In fact, the very policies prescribed by the Washington consensus to tackle inflation only make matters worse. Raising interest rates across the board to tackle inflation only increases inequality, leading to higher profits in the financial sector and lower investments in the economy, which leads to lay-offs and unemployment and concurrent lower wages because of the worsening bargaining position of labour. Even mainstream establishment journals such as Foreign Policy Magazine openly call it ‘class war.’ Yet, this is exactly what the European Central Bank and the Federal Reserve are doing right now to combat the soaring inflation in the European Union and the United States.

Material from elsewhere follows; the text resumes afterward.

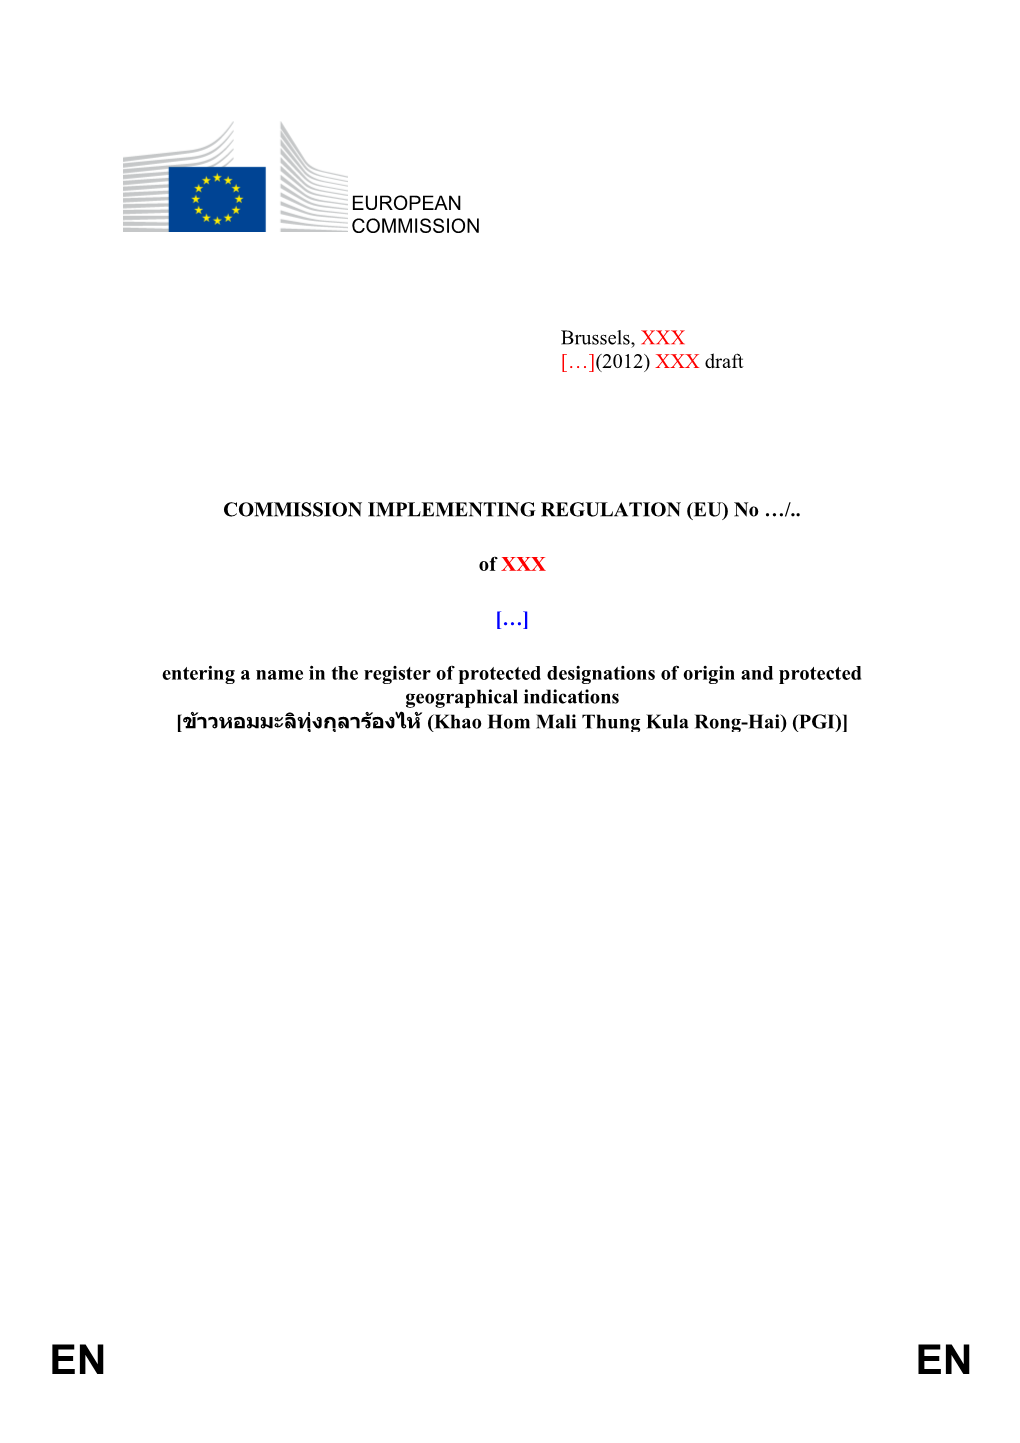 COMMISSION IMPLEMENTING REGULATION (EU) No s2

All of this shows that the real limitations of an economy are physical, not fiscal. There are no excuses for governments to avoid social and ecological policies except for hard physical boundaries, such as the amount of resources available and the productive capacity to use them. This requires diligent planning and organization in the real world. ‘Balancing the budget’ and the poltergeist of inflation are nothing but a ruse.
MMT and degrowth
It goes without saying that degrowth requires addressing common perceptions that uphold our current economic growth dependency. Many of such beliefs are in fact related to national government debt and a state’s budget balances. The MMT perspective reveals that if countries are monetary sovereign, these concerns are ungrounded.
Rather, when acknowledging national governments’ massive power (in a situation of monetary sovereignty) to shape and control their economies using the levers of monetary and fiscal policy, ushering in a just degrowth transition becomes way more achievable than currently thought. By tomorrow, any monetary sovereign government could establish generous, high-quality universal basic services, a public job guarantee and a rapid roll out of renewable energy infrastructures while regenerating ecosystems. MMT shows us that it can never say it does not have the money to set up such policies.
Moreover, understanding inflation as a crisis of distribution that increases the cost of living for the majority of the population, reveals that key degrowth policies like strengthening the commons and introducing universal basic services would in fact have a deflationary effect for ordinary people since they reduce the cost of living. MMT’s perspective on income as the obverse of prices, shows that when we agree on which sectors of the economy we want to scale down and which goods and services we need to meet everyone’s needs, there will always be enough income to purchase everything that remains commodified. And of course, that which is not commodified, can be distributed as a society itself chooses to.
Moving on
Crucially, since MMT is descriptive, not prescriptive, MMT is neither inherently pro-growth nor post-growth. Yet, as Stephen Williams and Samuel Alexander have put it in MMT, post-growth economics, and avoiding collapse, “when MMT is understood, post-growth policy options expand dramatically and become more viable, while the dominant neoclassical model is seen to be a kind of ideological straitjacket”. This position was recently reiterated by Christopher Olk, Colleen Schneider and Jason Hickel in their recent article How to Pay for Saving the World: Modern Monetary Theory for a Degrowth Transition.
Degrowth needs a macroeconomic theory based on social and biophysical reality rather than myth. It necessitates a correct understanding of money and its creation. It seems to me that MMT offers exactly this. It allows us to move beyond endless discussions about fiscal constraints when discussing a degrowth agenda and shows that the true limit to usher in transformative policies is our capacity to organize and put the right arrangements in pace in the physical world. Let’s stop playing into the hands of bankers who make us believe otherwise.